The very banks Geithner was supposed to supervise "to ensure a safe and sound banking system" were behaving like drunk Vegas gamblers mainlining cash. Our banking system is so unsafe and so unsound it's being nationalized, and that by doctrinaire free market ideologues. So what the hell was Geithner doing for the past five years? And why, instead of getting fired, is he being made boss of the Treasury Department?
The news and speeches archives of the NY Fed might shed some light on our first question. On his appointment back in 2003, Mr. Geithner said, "I'm honored to be selected for this post and to work with an institution that is central to domestic and global financial stability." So far so good. We're all in favor of domestic and global financial stability. Fast forward exactly one year, to a speechGeithner gave on 11/17/2004. The subject was hedge funds, those giant pools of capital invested in creatively diverse and highly secretive ways in order to reap higher than average returns for their wealthy investors. Unregulated, illiquid, hedge funds are managed by modern day financial buccaneers who enjoy eight or nine figure salaries and a lower tax rate than any other class of worker in the nation. Panic selling on a vast scale by hedge funds, who were spooked by the prospect of mammoth investor withdrawals, has contributed materially to the cataclysmic volatility of the stock market recently, helping to impoverish millions of investors and retirees.

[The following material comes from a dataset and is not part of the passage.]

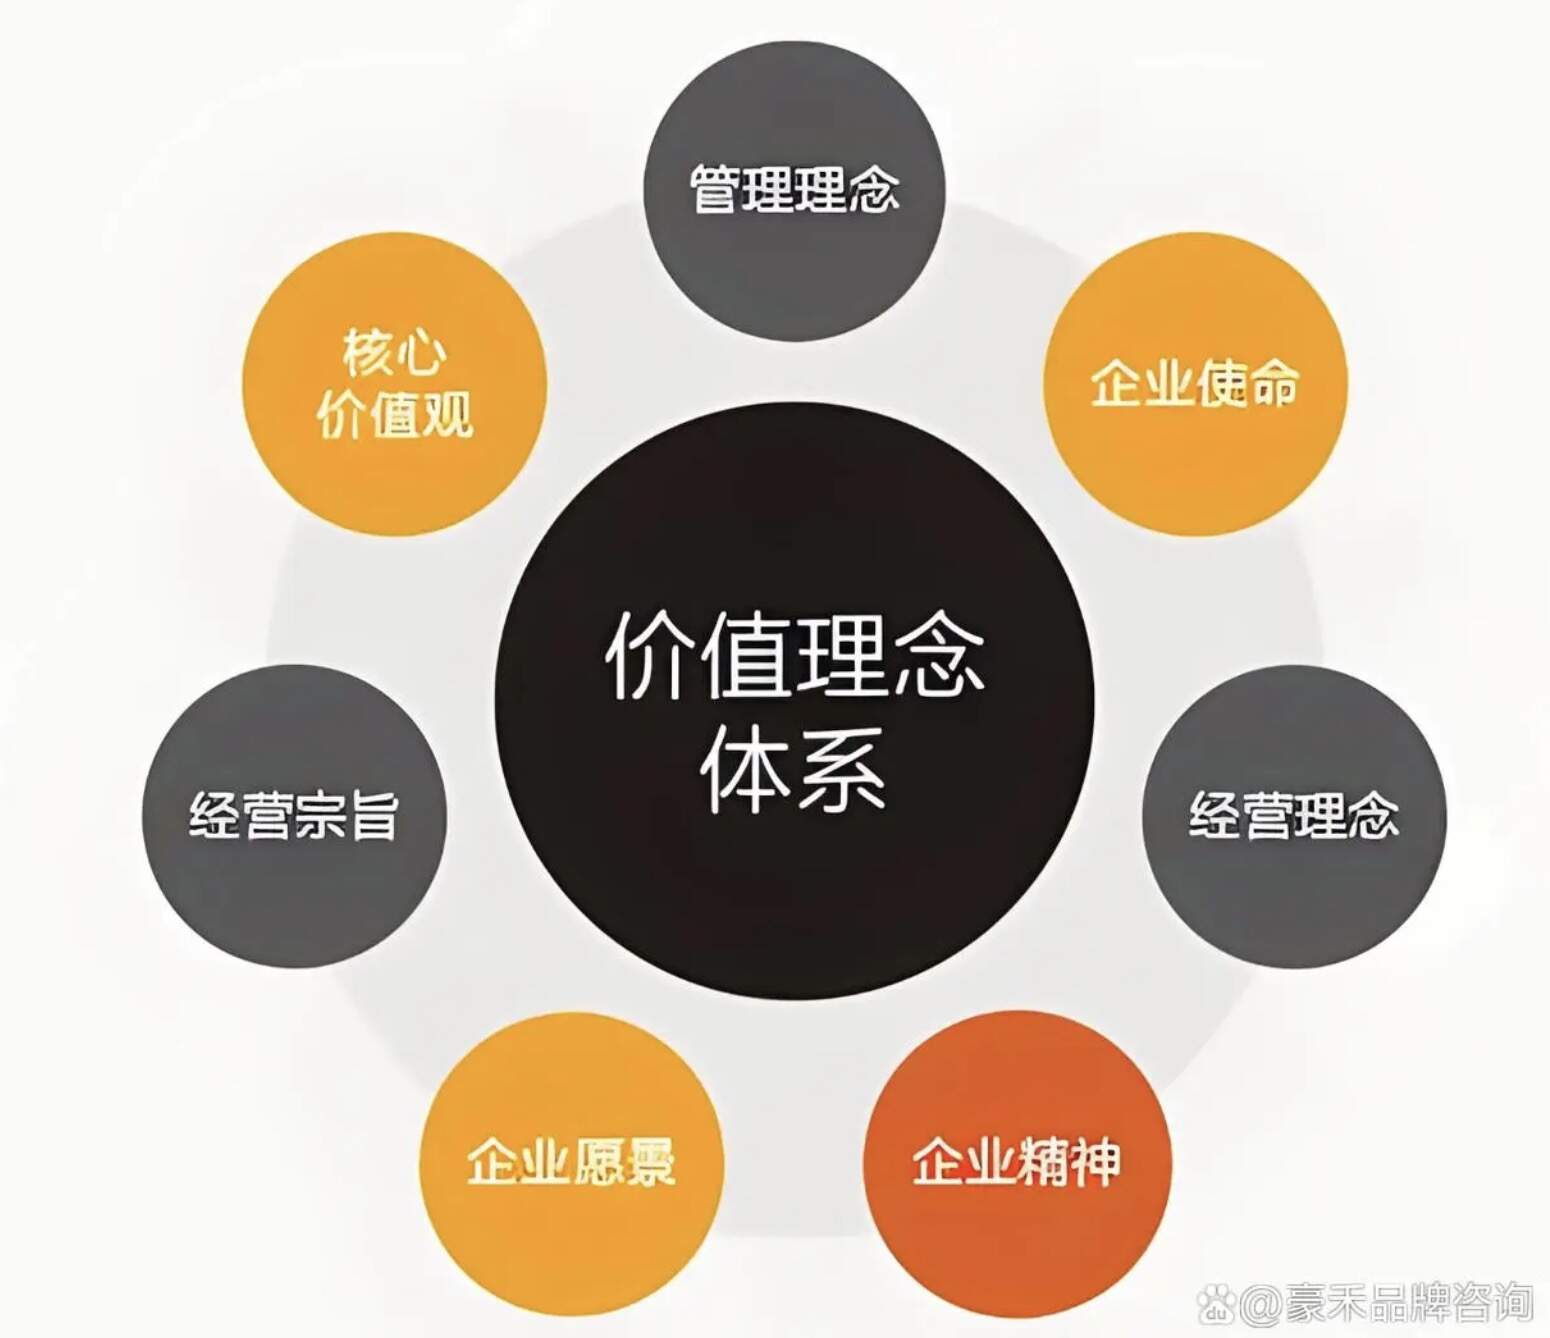 上海豪禾新一代企業文化(4.0社會價值型)的作業流程及內容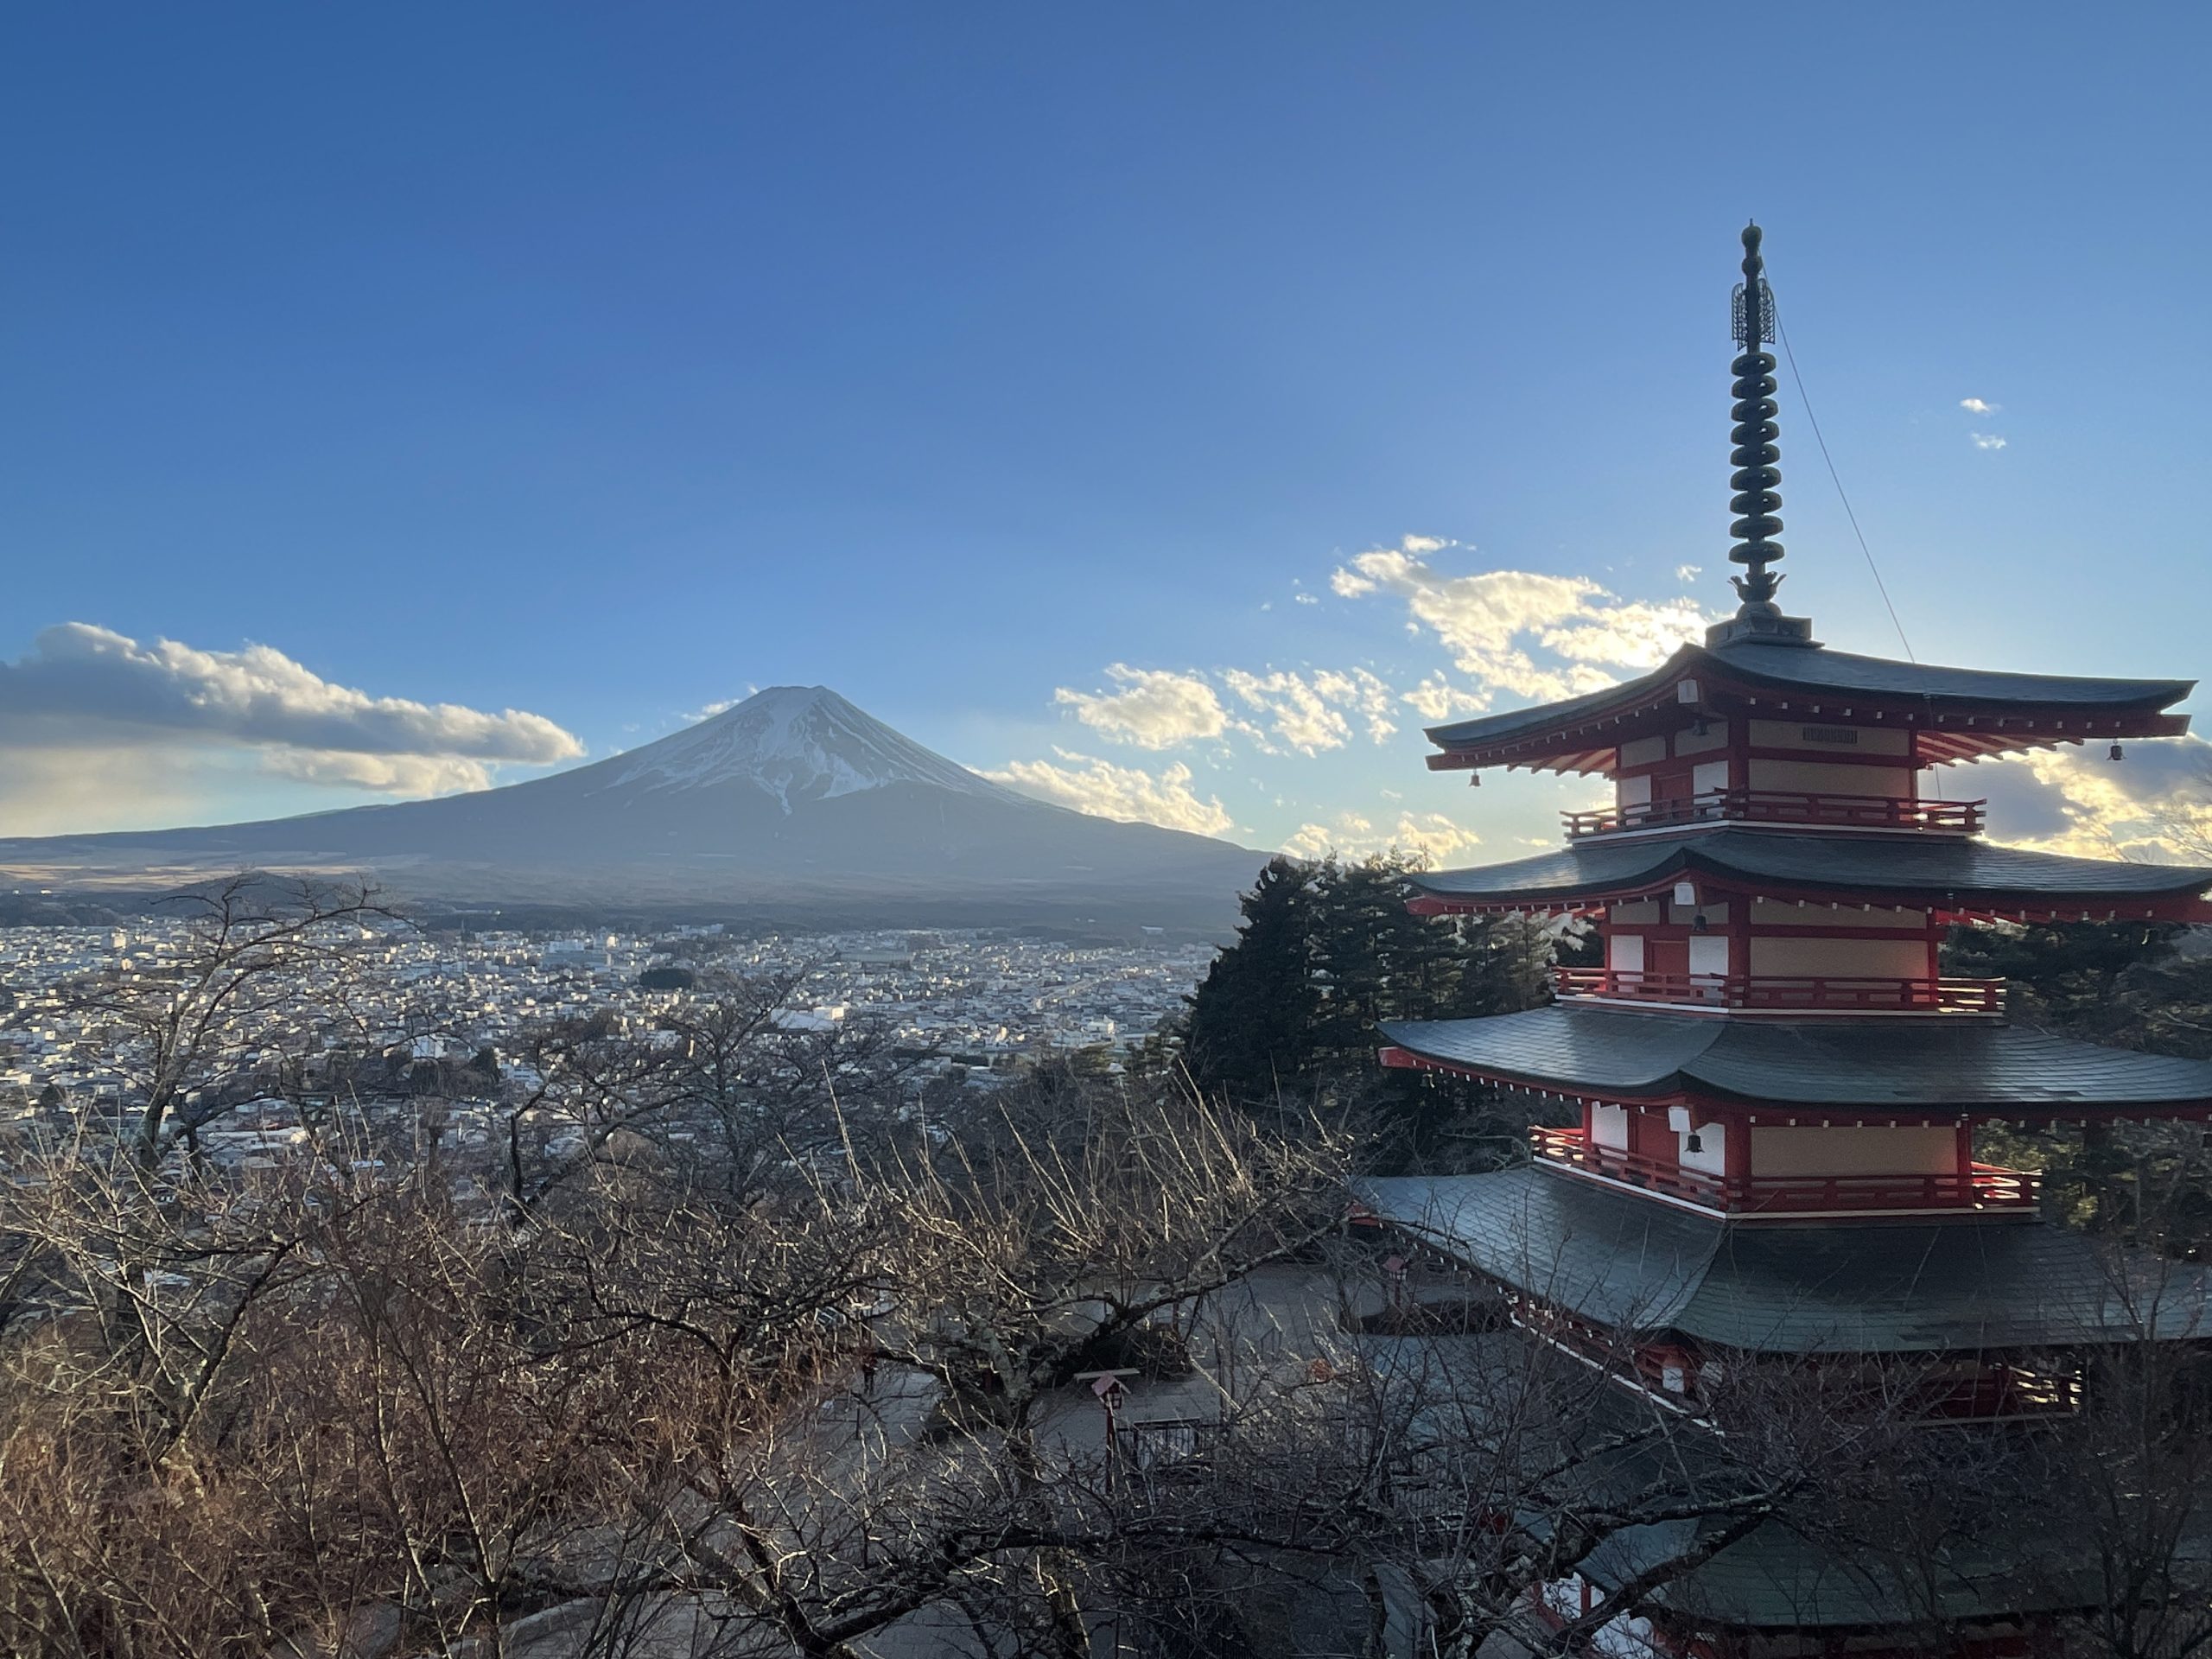 Arakura Fuji Sengen Shirine with Mt.Fuji

But we digress. Here's what Geithner had to say about hedge funds in 2004: After concluding that the financial system was stronger then than it had been five years before, he credits hedge funds for this happy outcome,"not just in the general contribution they provide by taking on risk, but as a source of liquidity in periods of increased stress and risk aversion in the rest of the financial system." And what about some of the voices that were raised about the exact extent of all that risk, that of Warren Buffet for example, who were advocating more oversight and regulation of the giant funds? "Prudential regulations, in the form of capital or leverage requirements, have not been considered a necessary or desirable step to date within the official sector in the United States, and are not on the horizon" said our Timmy. So no regulation, and also no transparency. Efforts to get the funds to disclose more information about their activities, strongly resisted by the funds themselves and their powerful political backers, will go nowhere: "progress is not likely to come easily or quickly" Tim concludes about the prospect of meaningful hedge fund disclosure.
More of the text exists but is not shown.